***** Records for processing *****
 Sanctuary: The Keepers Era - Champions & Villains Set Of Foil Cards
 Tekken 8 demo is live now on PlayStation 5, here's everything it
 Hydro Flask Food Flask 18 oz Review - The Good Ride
*****
***** Records for processing *****
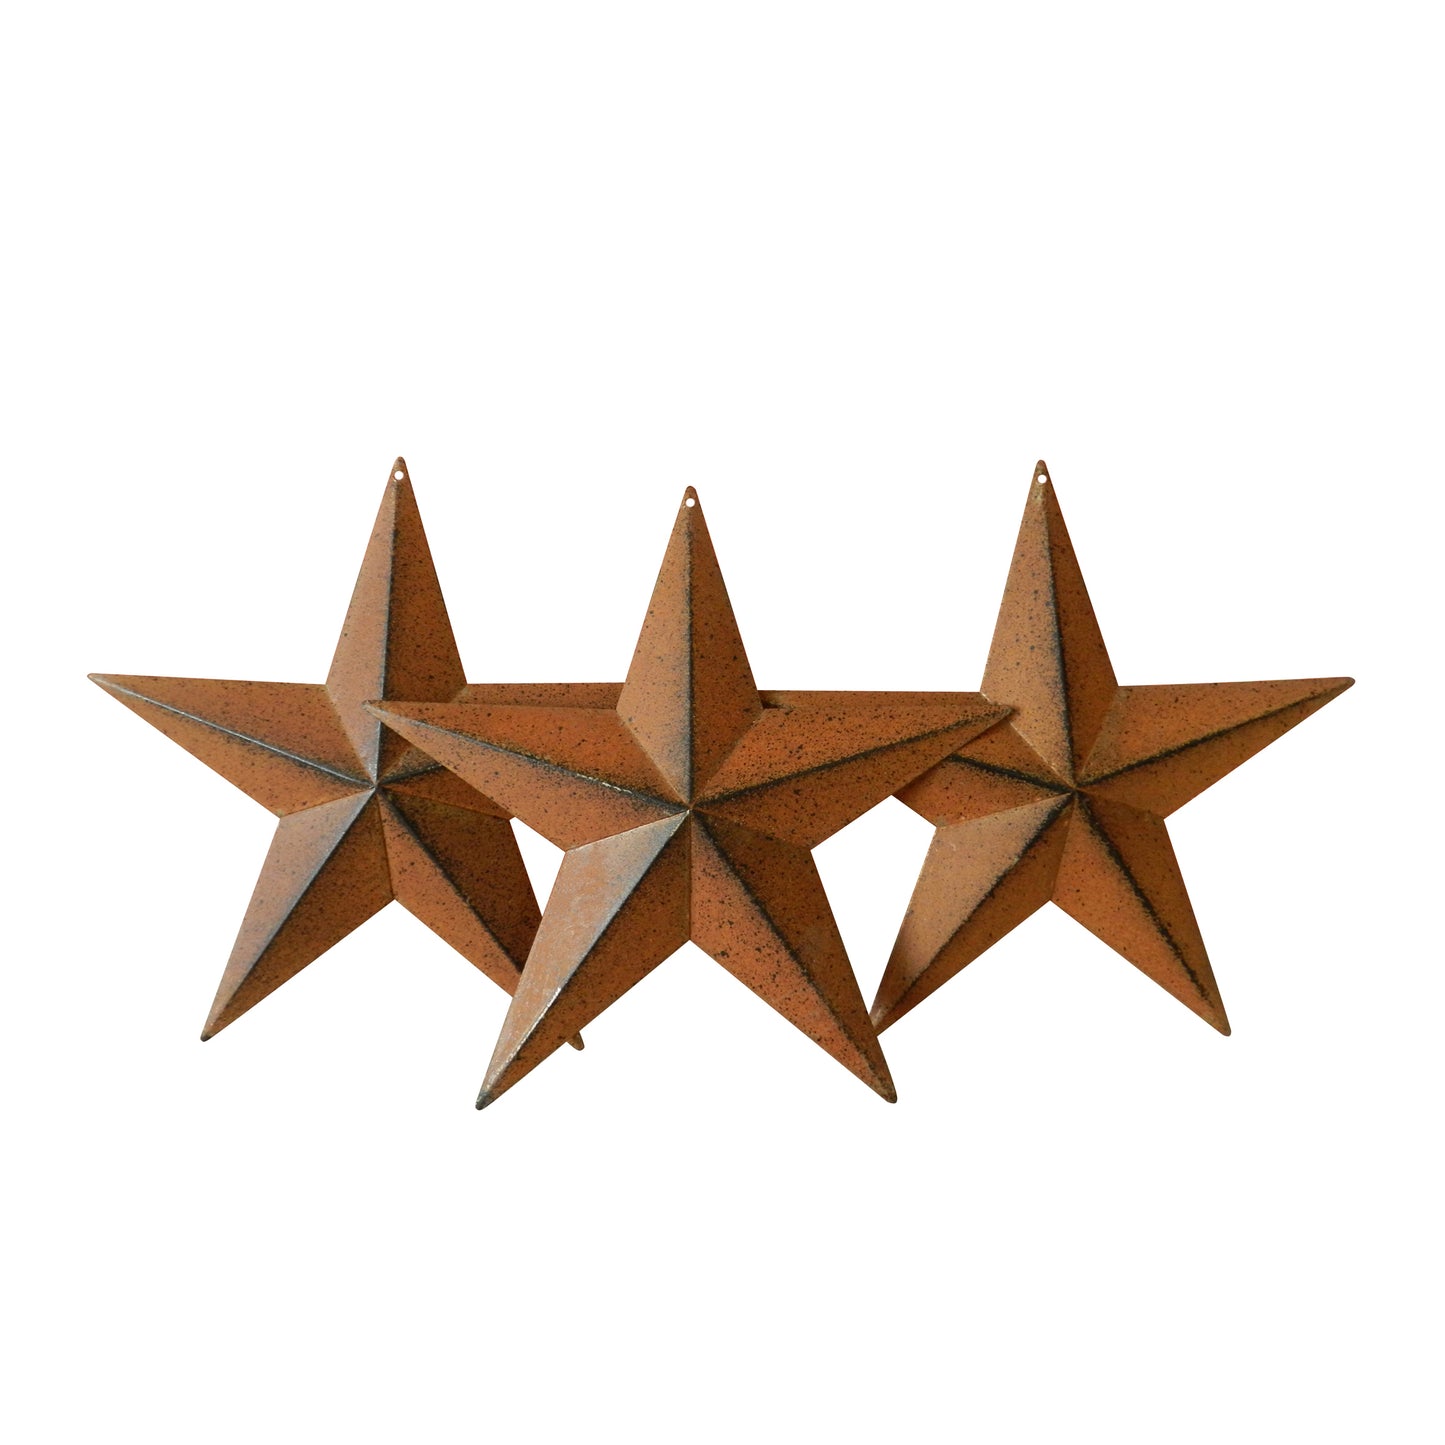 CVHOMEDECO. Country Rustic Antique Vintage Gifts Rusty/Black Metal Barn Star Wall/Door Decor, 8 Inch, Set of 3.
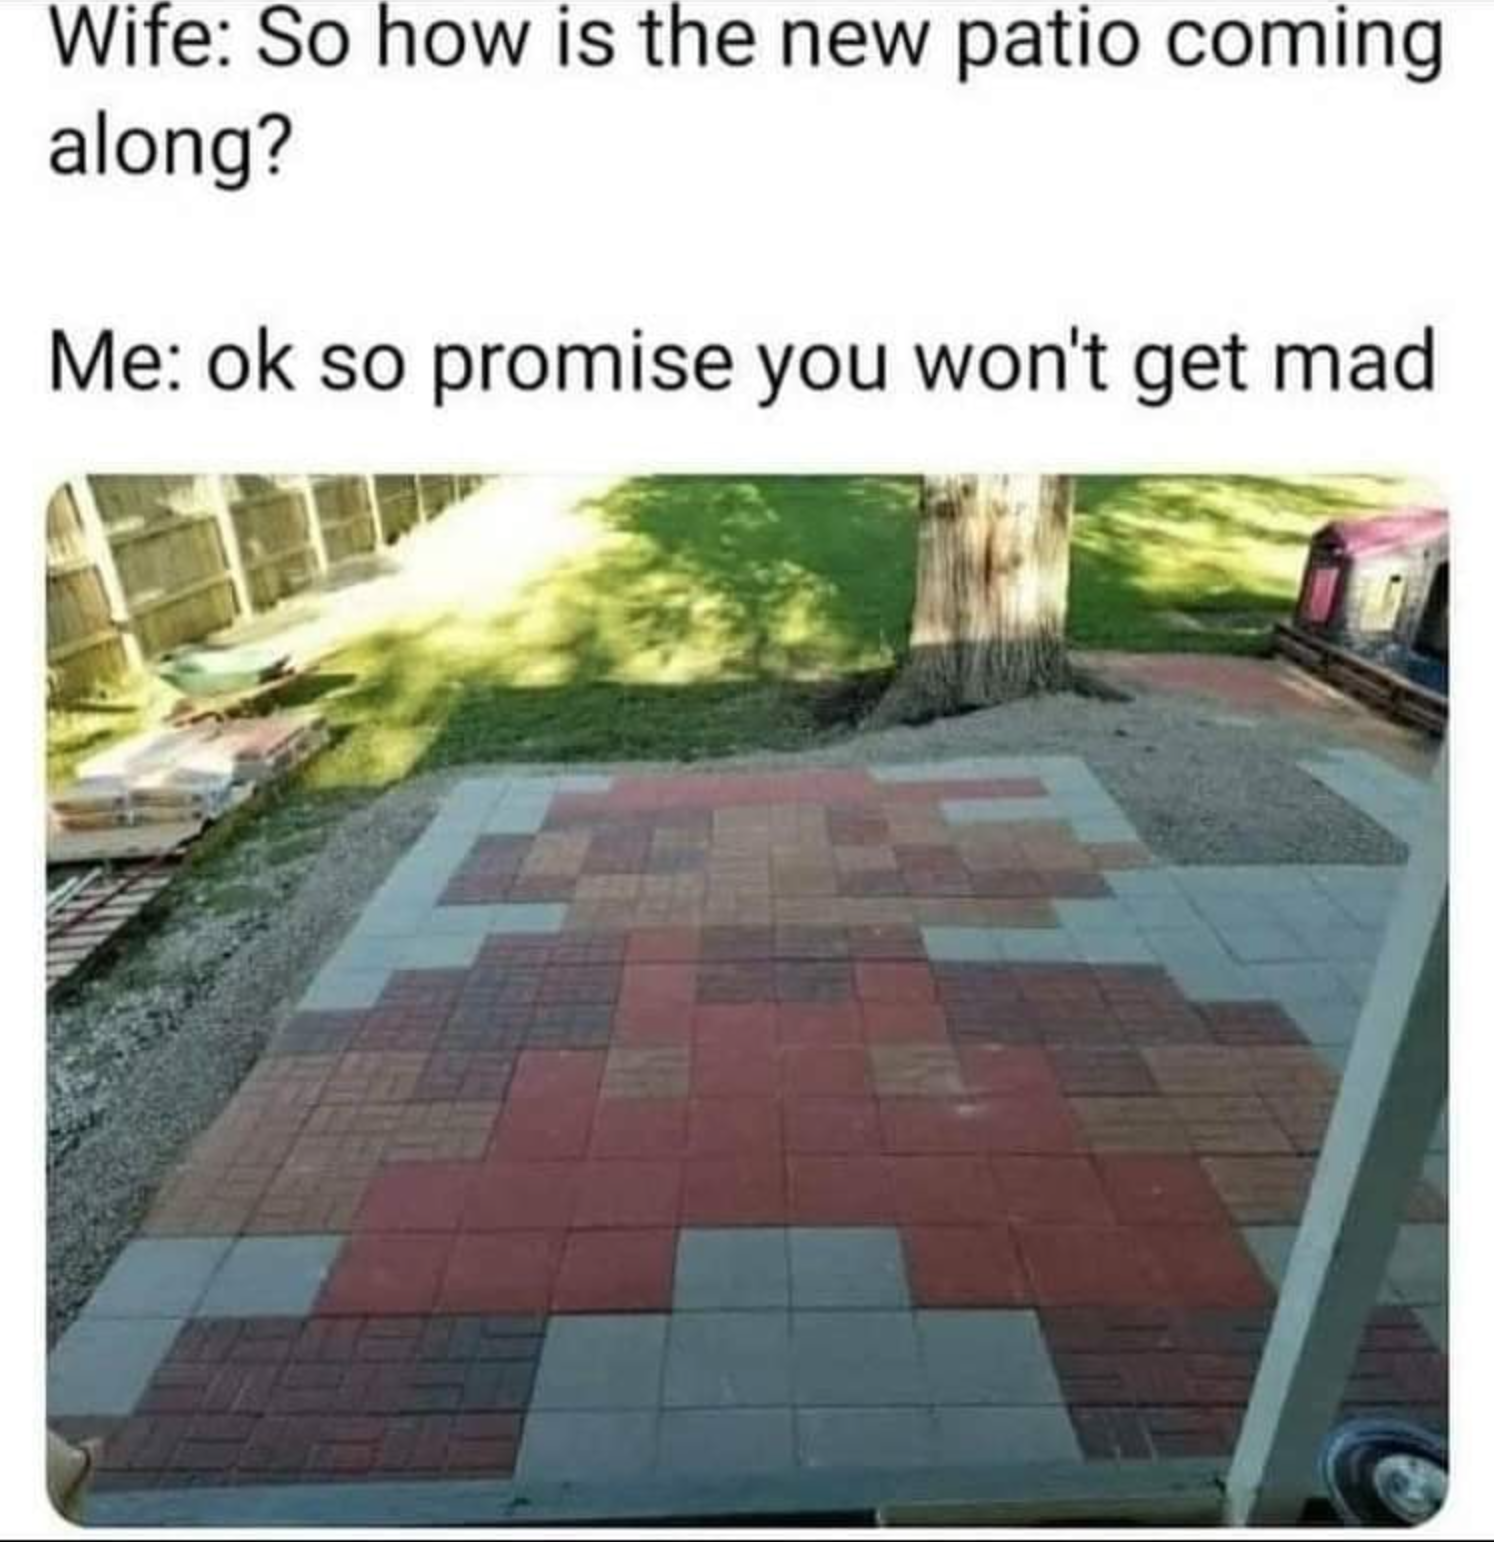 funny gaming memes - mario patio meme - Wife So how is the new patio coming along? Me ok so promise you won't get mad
*****
What the task requires:
Starting with the line with "Sanctuary: The Keepers" above and going on through the line with "Hydro Flask Food", transcribe every line exactly, both ends included, and add nothing.

Answer area:
 Sanctuary: The Keepers Era - Champions & Villains Set Of Foil Cards
 Tekken 8 demo is live now on PlayStation 5, here's everything it
 Hydro Flask Food Flask 18 oz Review - The Good Ride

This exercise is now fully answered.